Suggested Activities for Chapter 18

  1. Break the class into small groups. Assign each group a public figure who needs to repair their credibility. You may want to consider Bill Clinton, Tiger Woods, James Frey, Eliot Spitzer, Mark Sanford, Chris Brown, Jesse James, or Lindsay Lohan. Each group will develop and present to the class a plan for how their figure can rehabilitate their credibility.
  2. Give students articles from newspapers, Web sites, or magazines that contain arguments. Instruct the class to look for very good, well-supported arguments and for fallacious, poorly supported arguments. Choose some students to come forward and share an argument and their analysis of it.
  3. Break the class into nine small groups. Assign each group a fallacy: hasty generalization, post hoc fallacy, reversed causality, ad populum (bandwagon) fallacy, ad hominem (personal attack) fallacy, straw person fallacy, slippery slope fallacy, false dilemma, and appeal to tradition. Give the groups five minutes to come up with as many examples of their fallacy as possible. Instruct them to try to remember as many real-life examples as they can (but they can invent some as needed). Have each group share their favorite three with the class. Have the class vote on the most and least ethical.
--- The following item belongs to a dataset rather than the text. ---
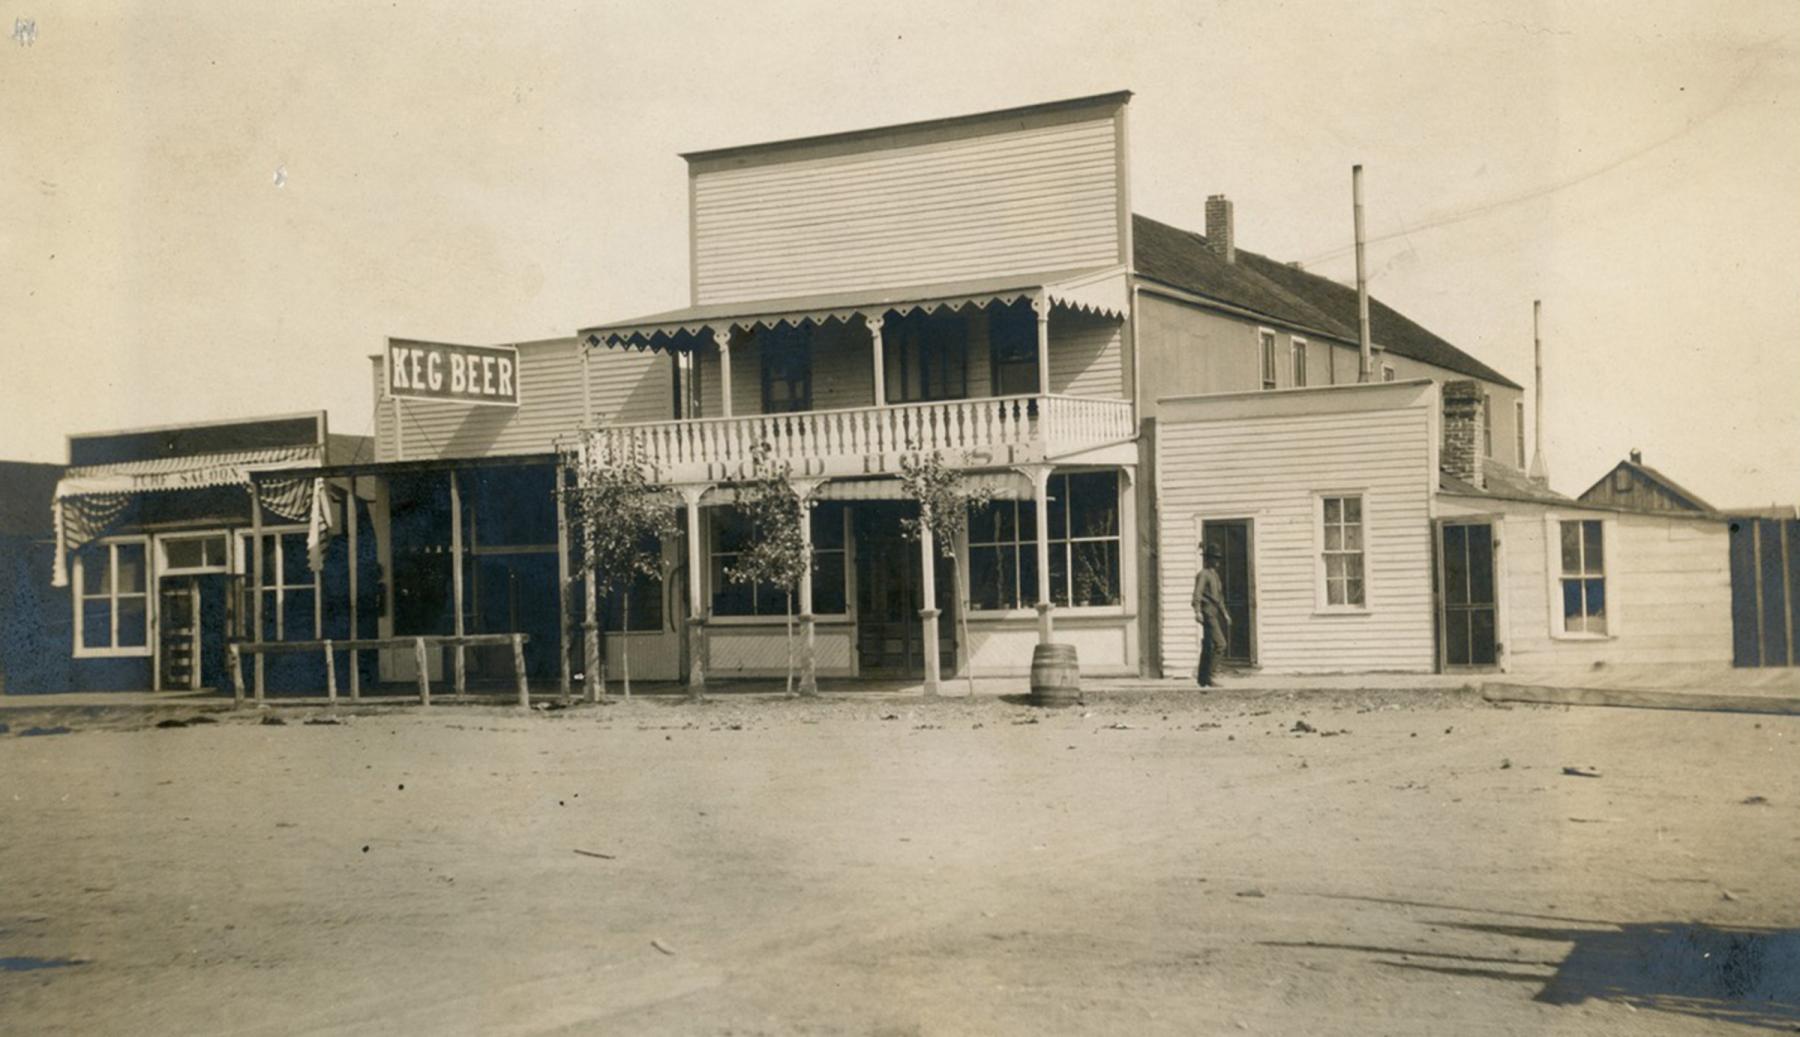 The Dodd House on Gillette Avenue in downtown Gillette, where Allie Means fled after being shot by Noah Richardson. Next to it is the Turf Saloon. Photo from about 1902-1905. Rockpile Museum.

  4. Break the class into three small groups and instruct them to read Anna Martinez’s speech. Assign to each group the subject of ethos, logos, or pathos. Each group must identify and evaluate places where the speaker is addressing the group’s assigned rhetorical area. Reconvene the class and have the groups share their findings.
  5. As a class, outline two persuasive speeches on the same controversial topic of your choice. One speech should be focused on persuading through logos, and one should be focused on persuading through pathos. When complete, discuss the pros and cons of each approach. Then craft a third speech using the best strategies from each original speech.